▶ [Entries shown]

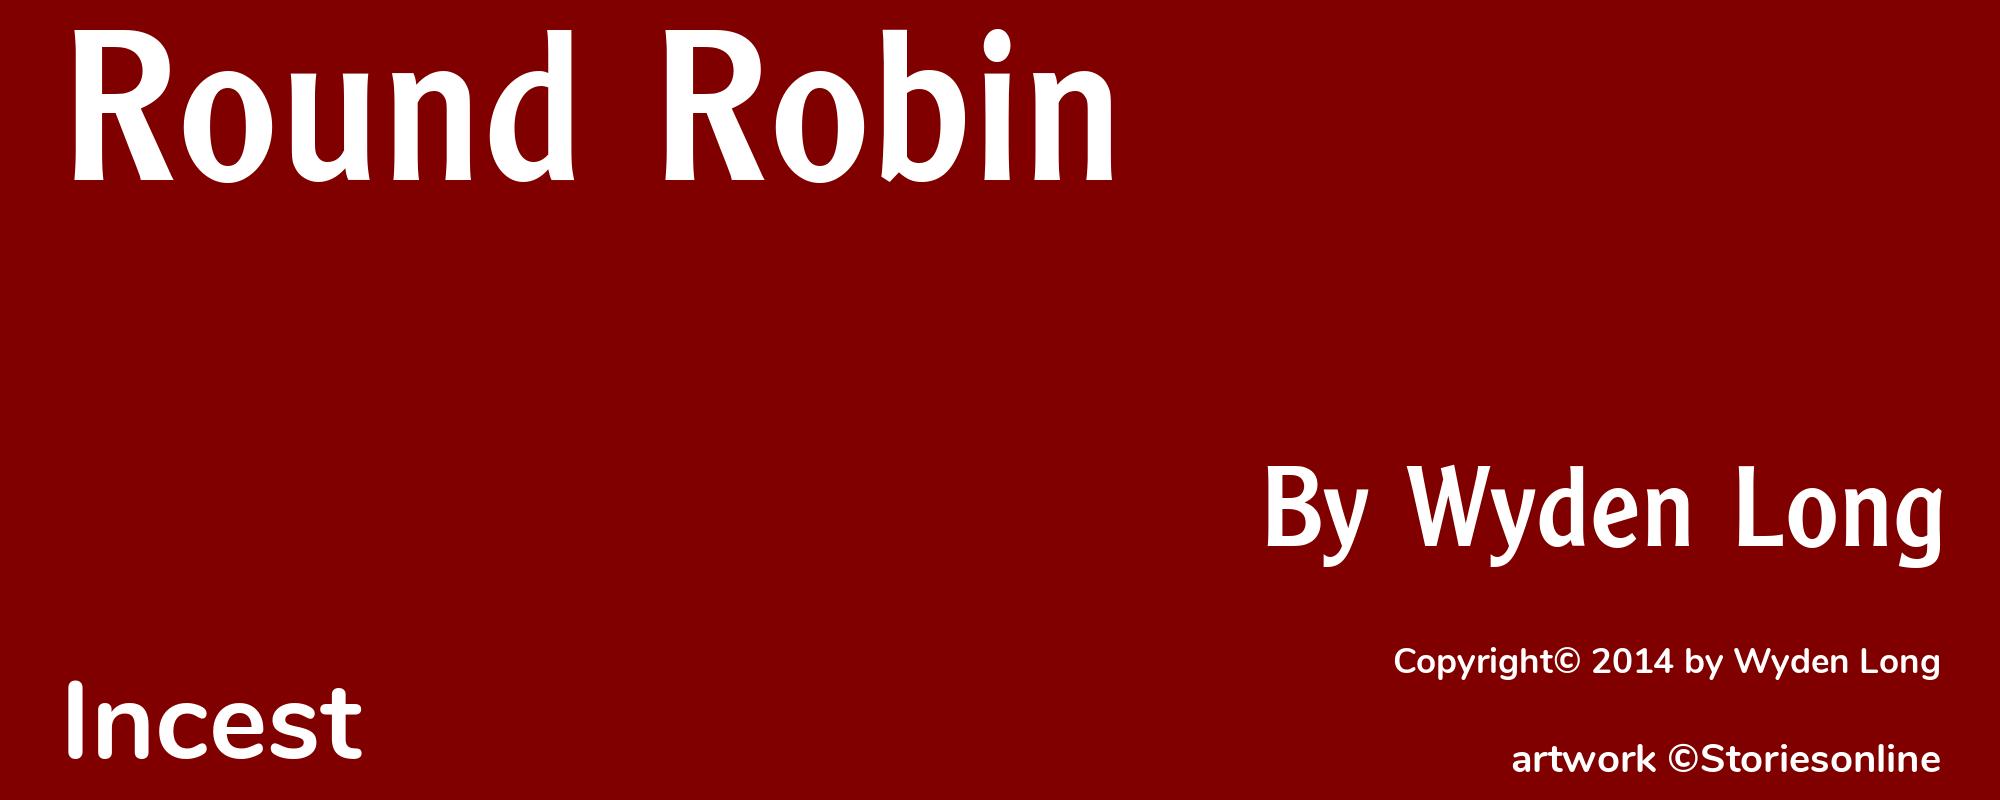 Round Robin - Cover
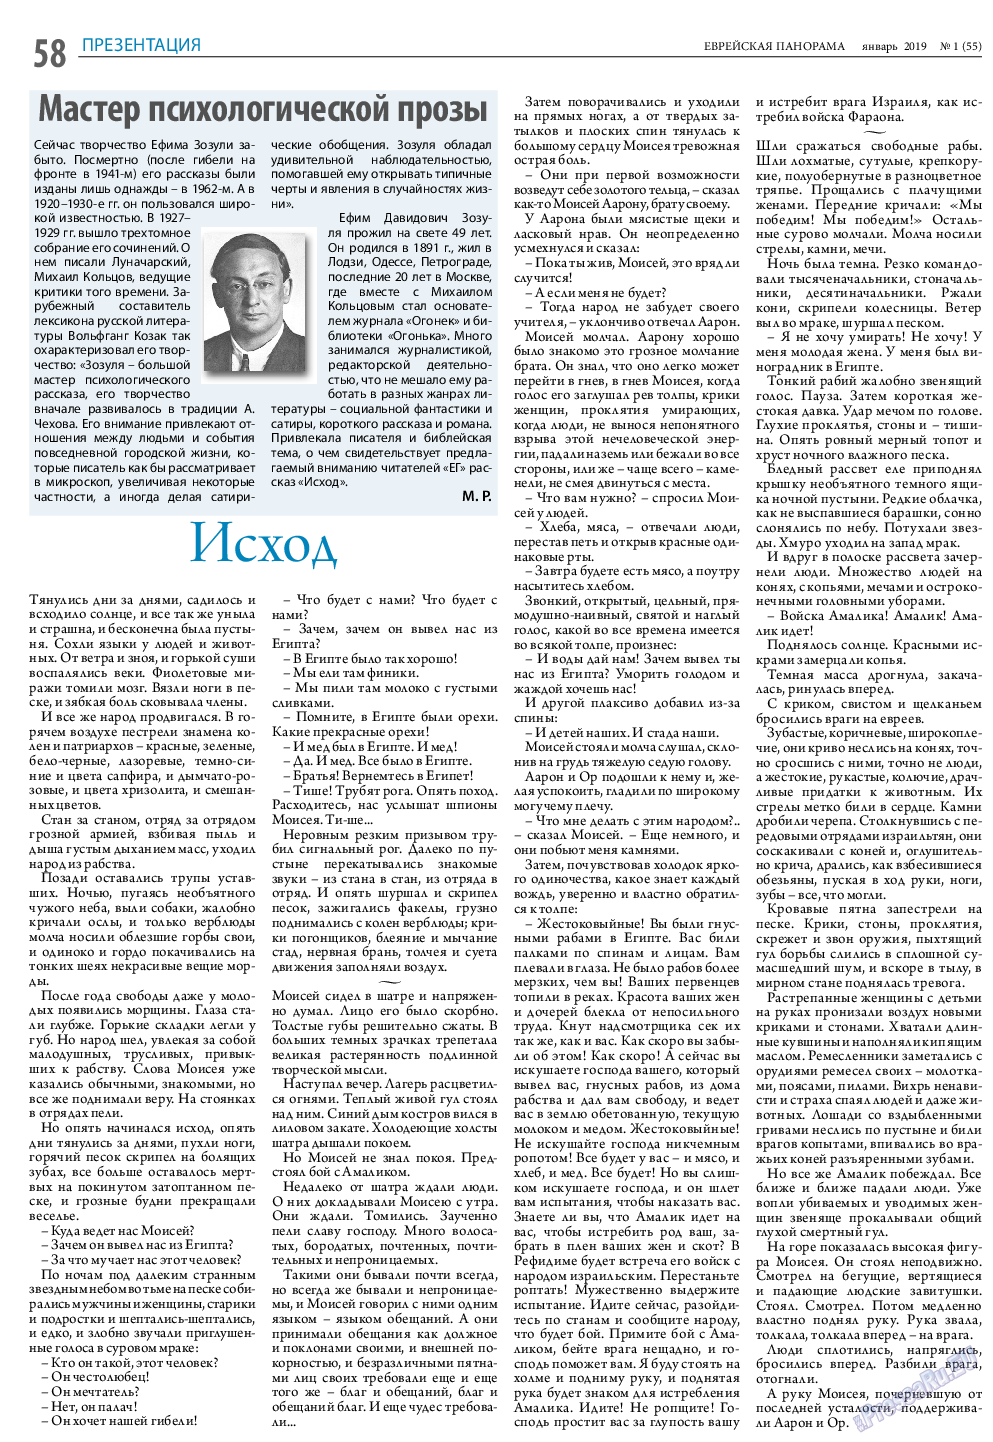 Еврейская панорама, газета. 2019 №1 стр.58
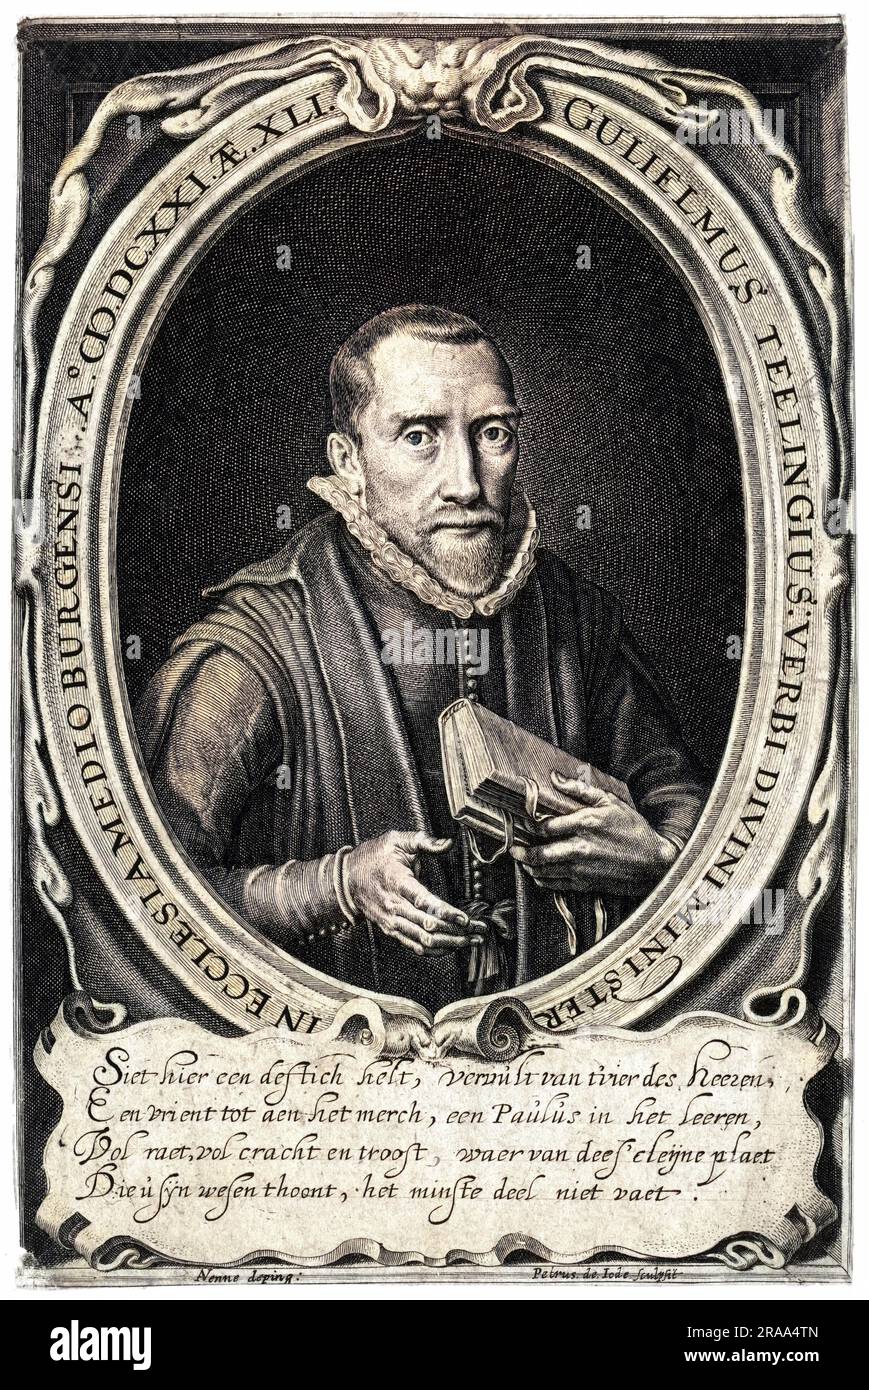 WILLEM TEELINCK Dutch churchman and theologian     Date: 1579 - 1629 Stock Photo
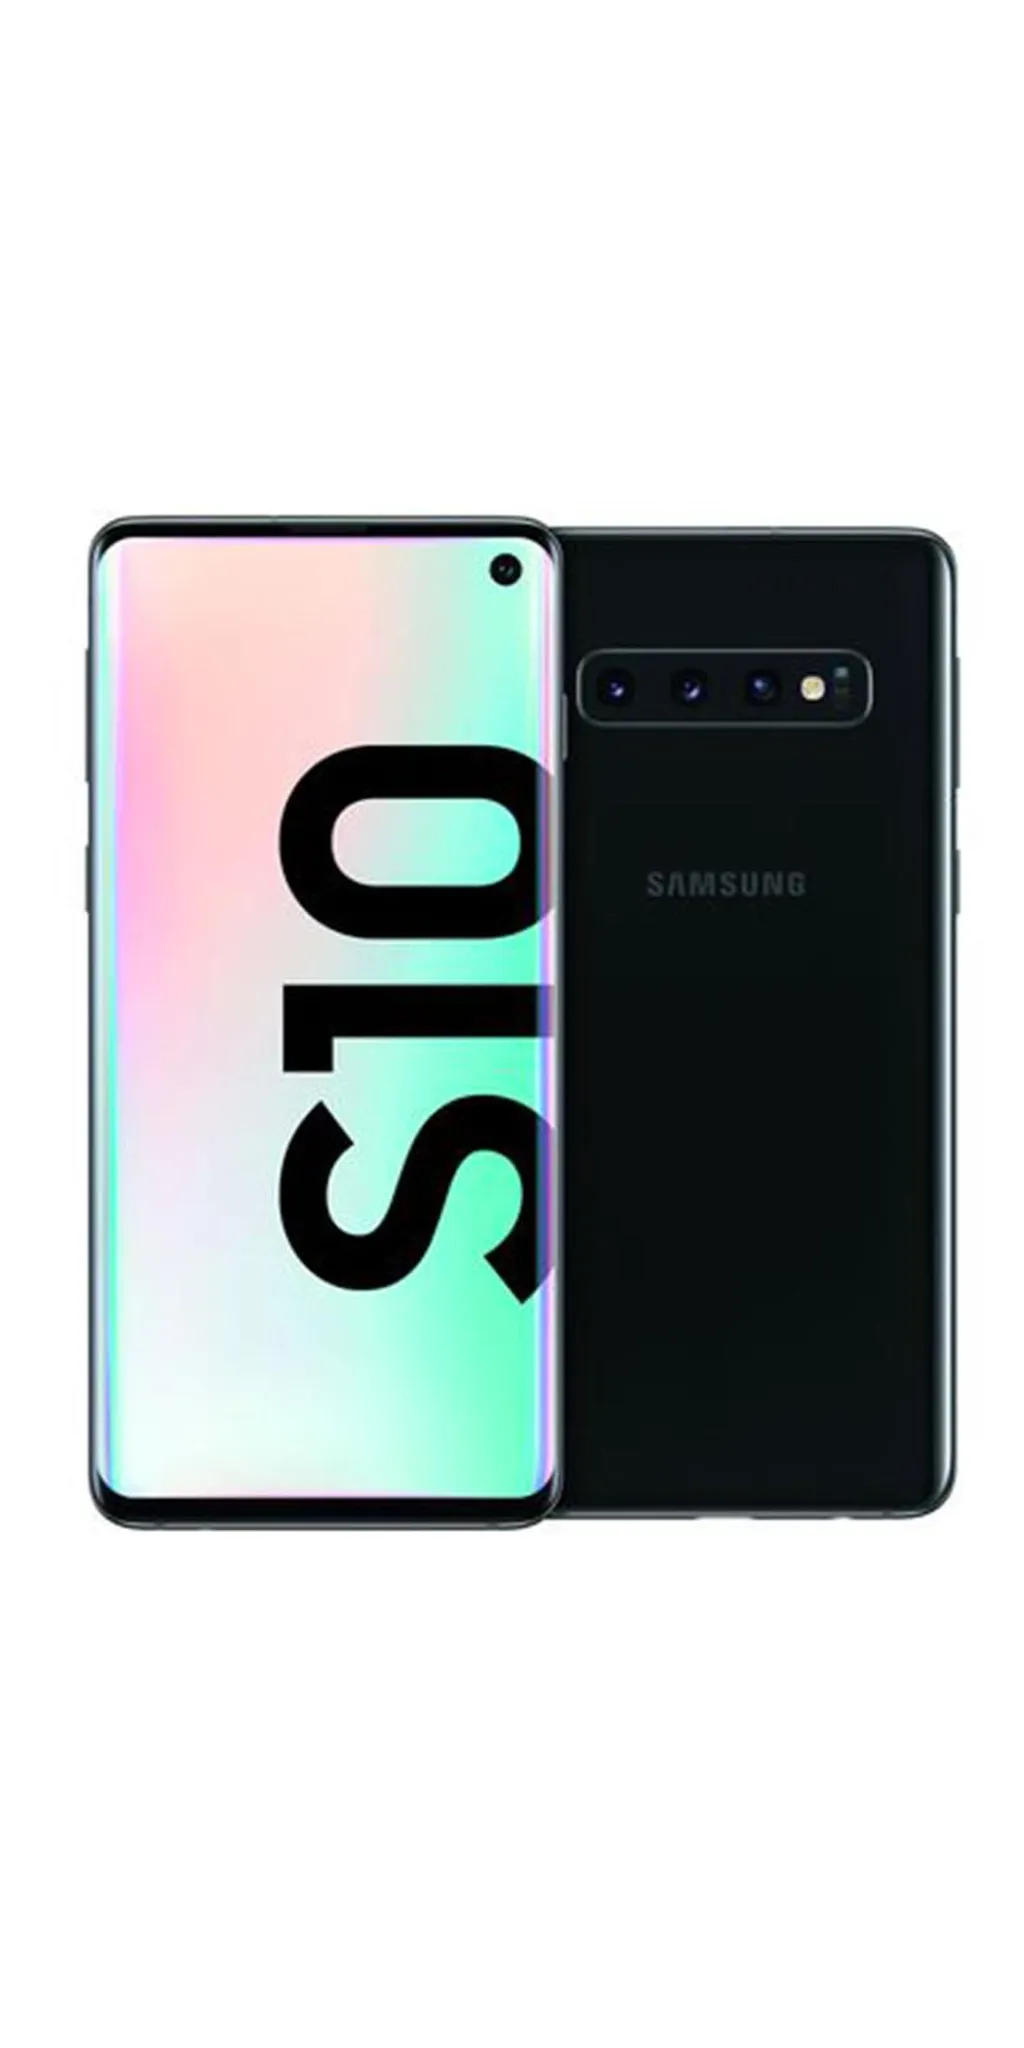 SAMSUNG Smartphone Galaxy S10 128GB SM-G973
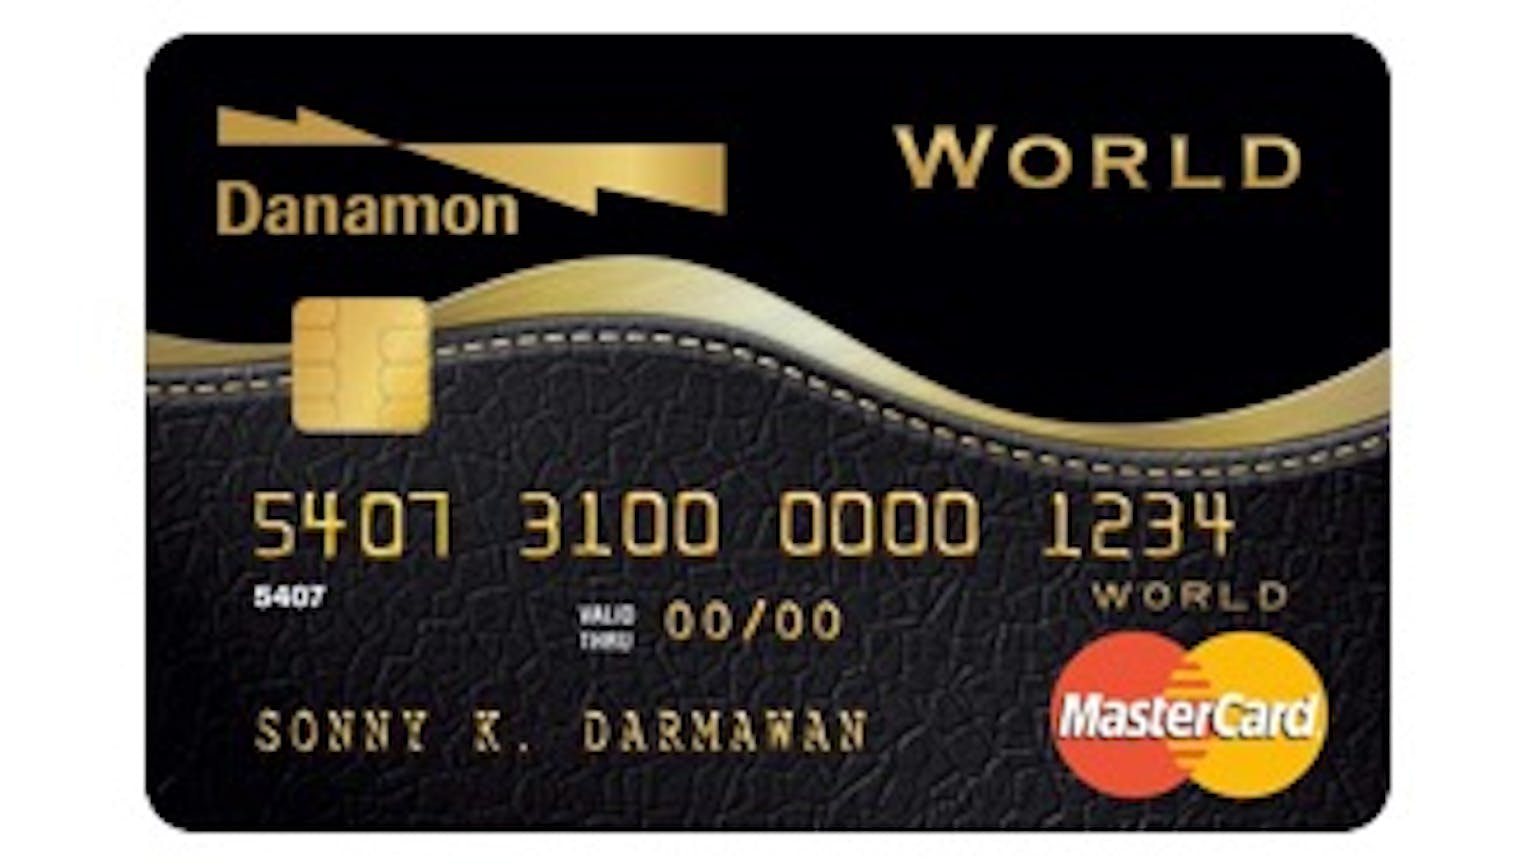 Danamon World MasterCard

▶ [Exercise directions] Would you output, word for word, only the lines running from the line with "Еврейская панорама, газета. 2019 №1 стр.58" to the end of the listing above, both ends included, with no pictures?

▶ [Task answer]
 Еврейская панорама, газета. 2019 №1 стр.58
 WILLEM TEELINCK Dutch churchman and theologian     Date: 1579 - 1629 Stock Photo
 SAMSUNG Smartphone Galaxy S10 128GB SM-G973
 Danamon World MasterCard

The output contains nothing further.